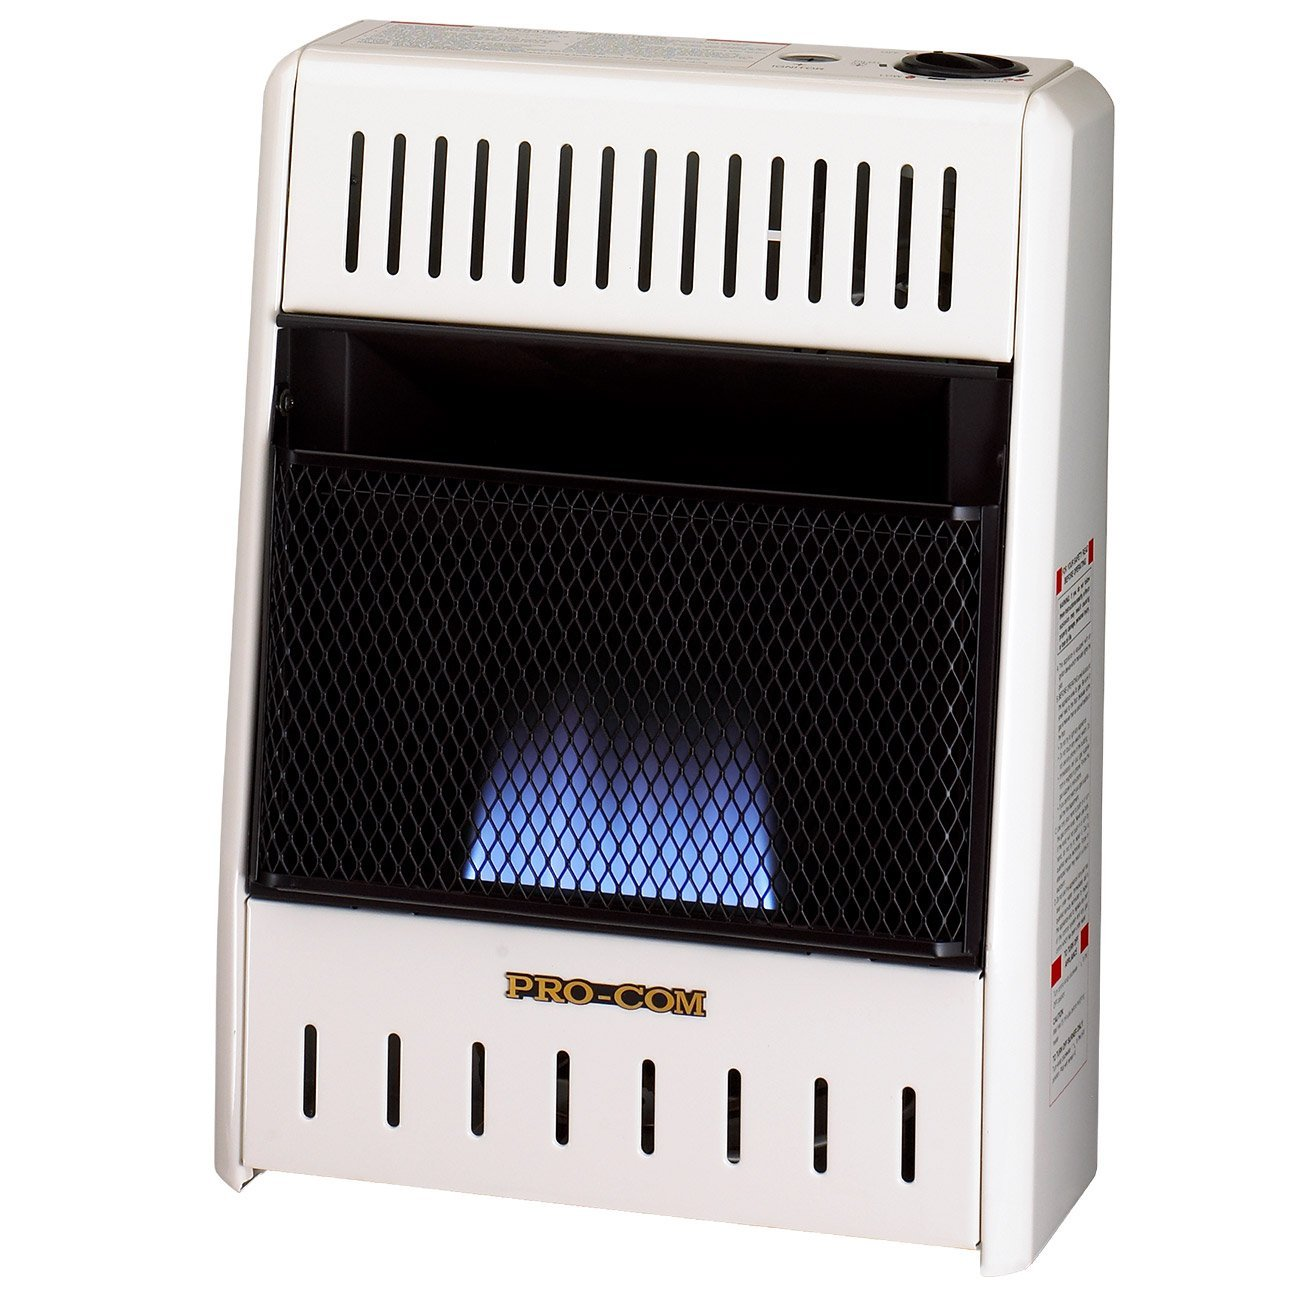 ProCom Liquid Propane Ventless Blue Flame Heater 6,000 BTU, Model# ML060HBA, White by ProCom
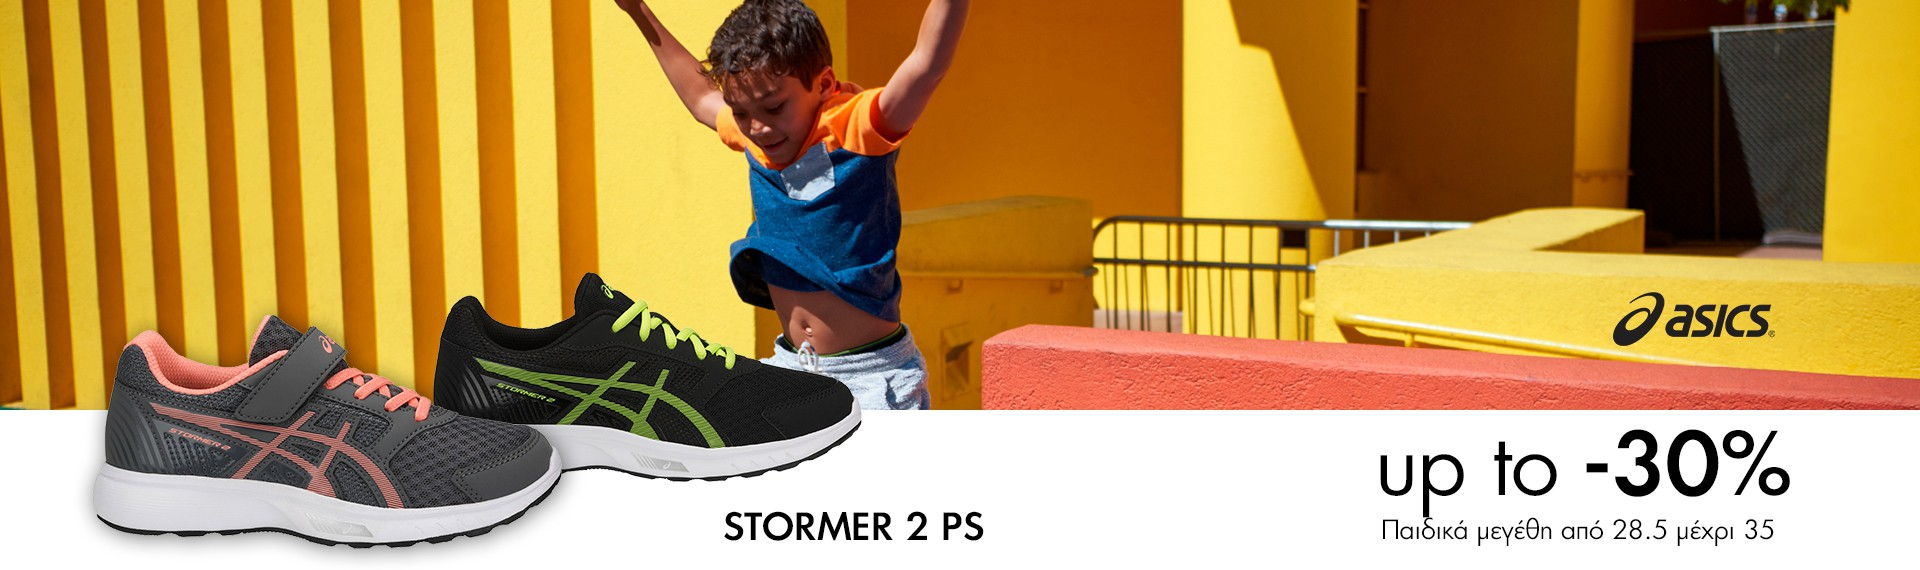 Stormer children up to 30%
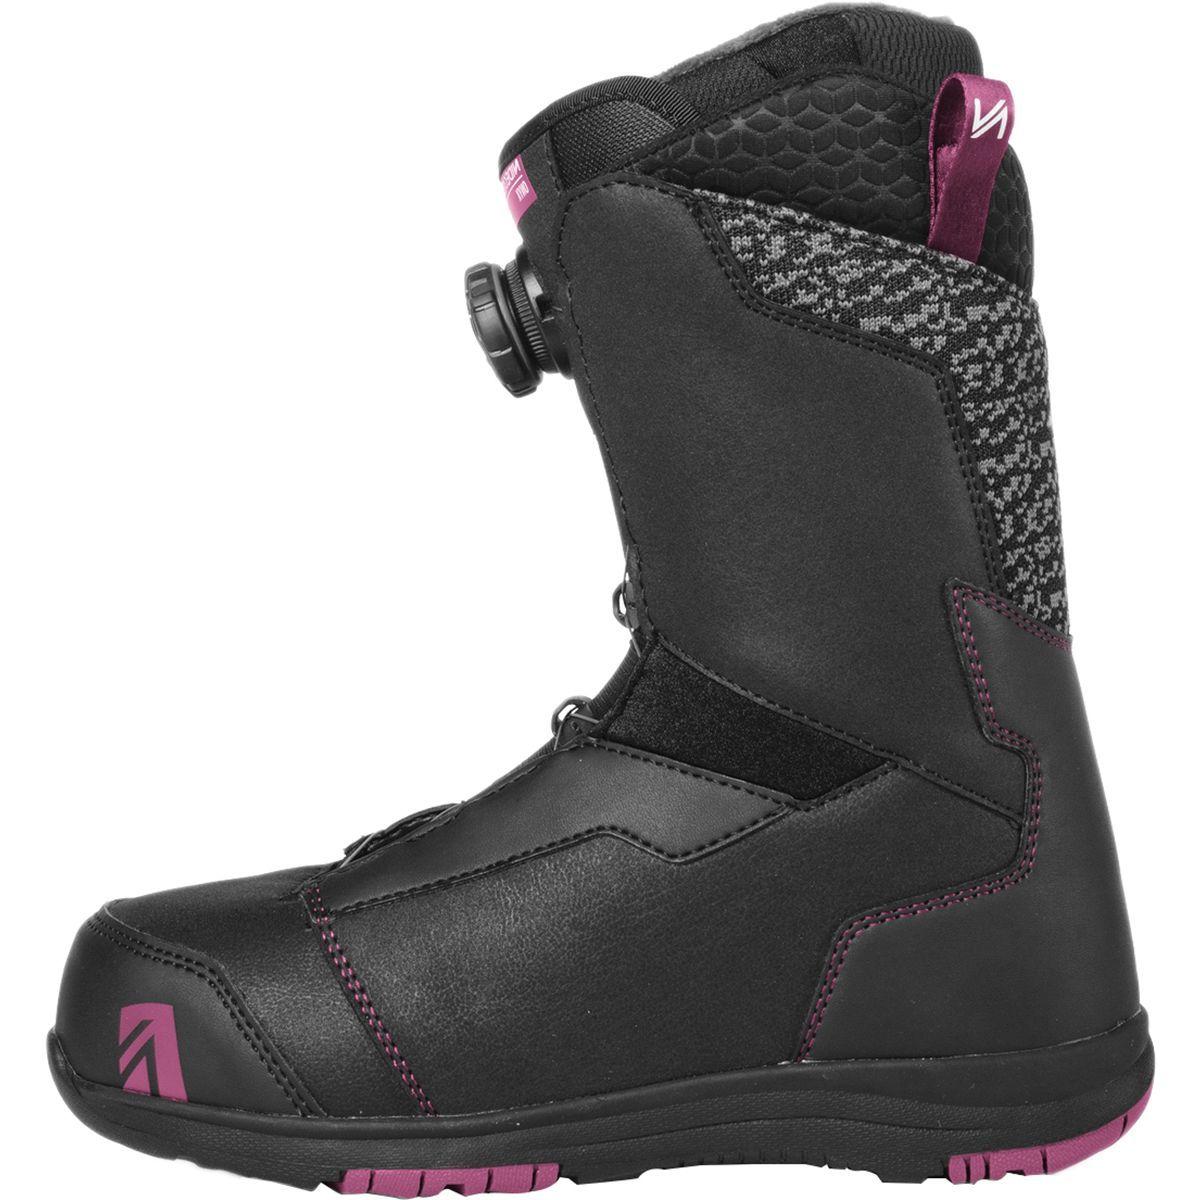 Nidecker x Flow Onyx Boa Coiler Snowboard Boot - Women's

------------------------------------

* _Action item_: Apart from its pictures, the data is to be repeated exactly.

* _Answer area_:
 ProCom Liquid Propane Ventless Blue Flame Heater 6,000 BTU, Model# ML060HBA, White by ProCom
 Stormer children up to 30%
 Nidecker x Flow Onyx Boa Coiler Snowboard Boot - Women's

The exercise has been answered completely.